We believe that one extremely important factor driving the search for the magic bullet or miracle curriculum for improved race relations is the insistence in some quarters that we are a color-blind society. A color-blind society does not now and never has existed in the United States. As John Hope Franklin tells us, "Those who insist that we should conduct ourselves as if such a utopian state already existed have no interest in achieving it and, indeed, would be horrified if we even approached it.''

A harsh assessment? You bet. But one that is supported by writers and thinkers from W.E.B. DuBois to Cornel West. If society is unwilling to accept the realities of racism, then the actions we (and schools) choose to solve race-centered problems run the risk of being superficial, ineffective, or out of sync with reality. In other words, since many of us in schools do not believe racism is a threat to society, when a race-centered problem arises, we address it with the superficial--showing a film, planning an ethnic-food fair, or holding a one-day sensitivity workshop.
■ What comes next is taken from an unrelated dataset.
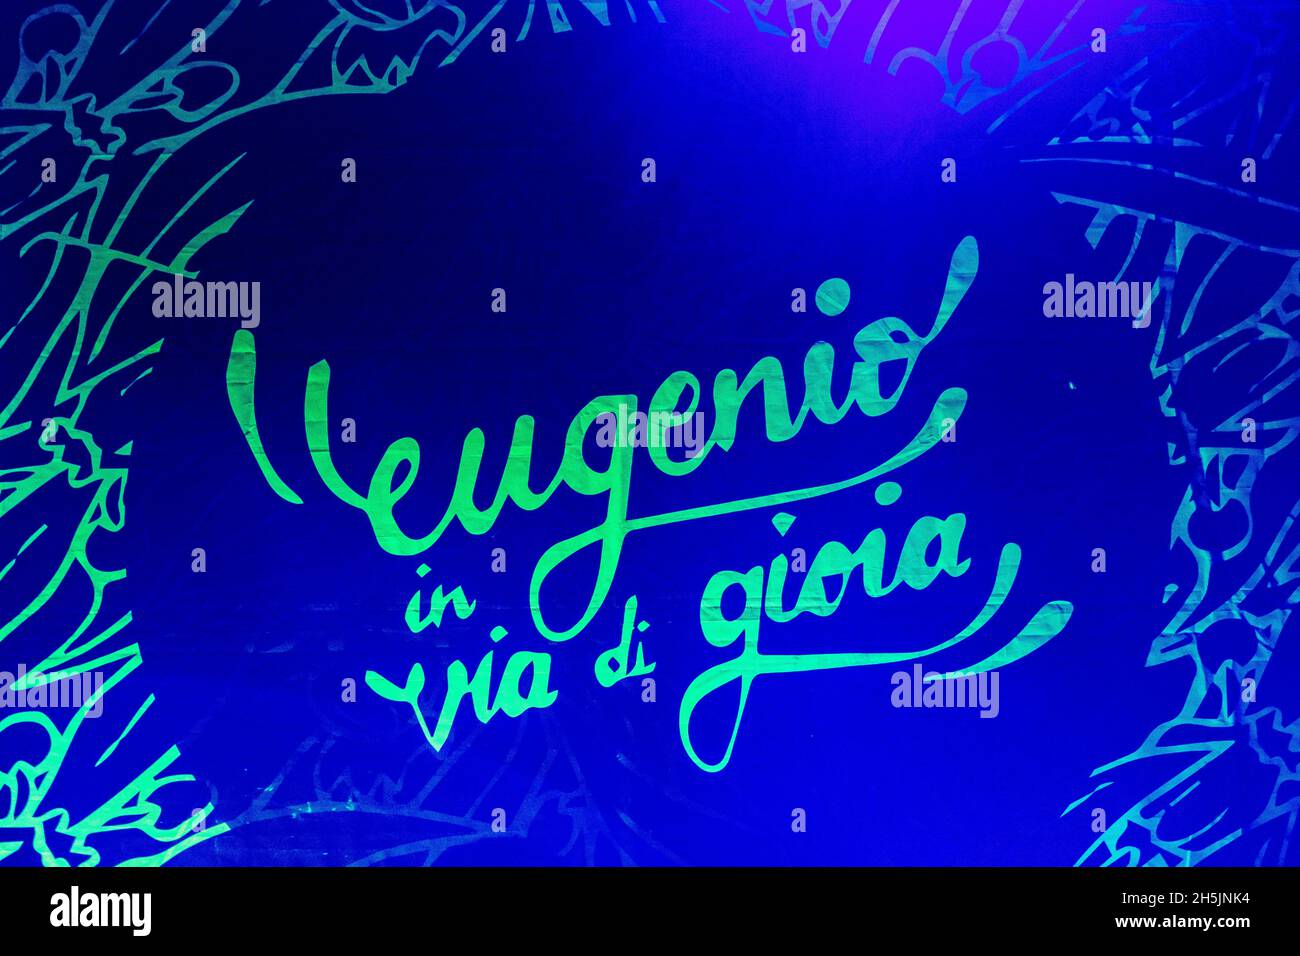 Milano Italia 09 Novembre 2021 Eugenio in Via di gioia - Musica pop italiana - live ad Alcatraz © Andrea Ripamonti / Alamy Foto Stock

Many of us simply do not want to accept the harsh assessments--wake-up calls, really--of writers like Derrick Bell or John Hope Franklin. Such acceptance ultimately means that those of us (schools included) who are serious about battling racism must be willing to commit to the endeavor as a lifetime struggle. The history of racial oppression in America is a legacy from which we simply cannot emerge "simply.''

Yet, for most, any commitment that is more than simple is simply too much. Getting school districts to commit to the level of reforms that have taken place at schools like La Escuela Fratney in Milwaukee and the Southside Family School in Minneapolis--two schools with strong anti-racist objectives weaved into all aspects of school life--is out of the question. Few want to get this serious. So in the end, many fall back on the safety of the simple notion that racism can be eliminated with the magic bullet or the miracle curriculum.

Once again, we warn schools that it cannot happen.

The psychologist Kenneth B. Clark has said, "Children must be helped to understand that one cannot keep others down without staying down with them.'' We believe the study of history plays a unique role in shaping this ideal. But not the study of any history. We believe that what Kenneth Clark had in mind was what Mr. Franklin also had in mind when he said all Americans, but especially whites, must confront and deal with a past history of "racial brutality.''

Many Americans wish to simply forget this history. It is difficult to get schools to teach openly and honestly about the enslavement of African-Americans or their oppression under Jim Crow laws. The history of the civil-rights movement is frequently nothing more than a blip on the radar screen of curriculum. Teaching this amazing and complex passage in our national life as one more curricular blip, however, does little to teach schoolchildren the real lessons from this period. In fact, some current approaches to teaching civil-rights history may do more harm than good. The civil-rights researchers Ceasar L. McDowell and Patricia Sullivan have noted that "... many people believe the movement began with Rosa Parks and ended on a hotel balcony in Memphis, and having achieved its primary goal of 'voting rights' and the elimination of legalized segregation [it] has little to offer the world of today except for vicarious nostalgic pleasure.''

By trivializing this history we run the risk of believing that a color-blind society was achieved during the movement. We run the risk of believing that shortly after the 1963 March on Washington, America entered into that utopian state Dr. Martin Luther King Jr. described in his famous "I Have A Dream'' speech. Such an ideal, of course, has not been achieved.

Teaching about the civil-rights movement will not achieve it. But an understanding of that struggle can give students tools to continue the search for that ideal: information and a heightened sense of civic responsibility.

In a simpler time, Henry Wadsworth Longfellow wrote that "if we could read the secret history of our enemies, we should find in each person's life sorrow and suffering enough to disarm all hostility.'' We believe with a passion in the power that peering into that "secret history'' can have for all our futures.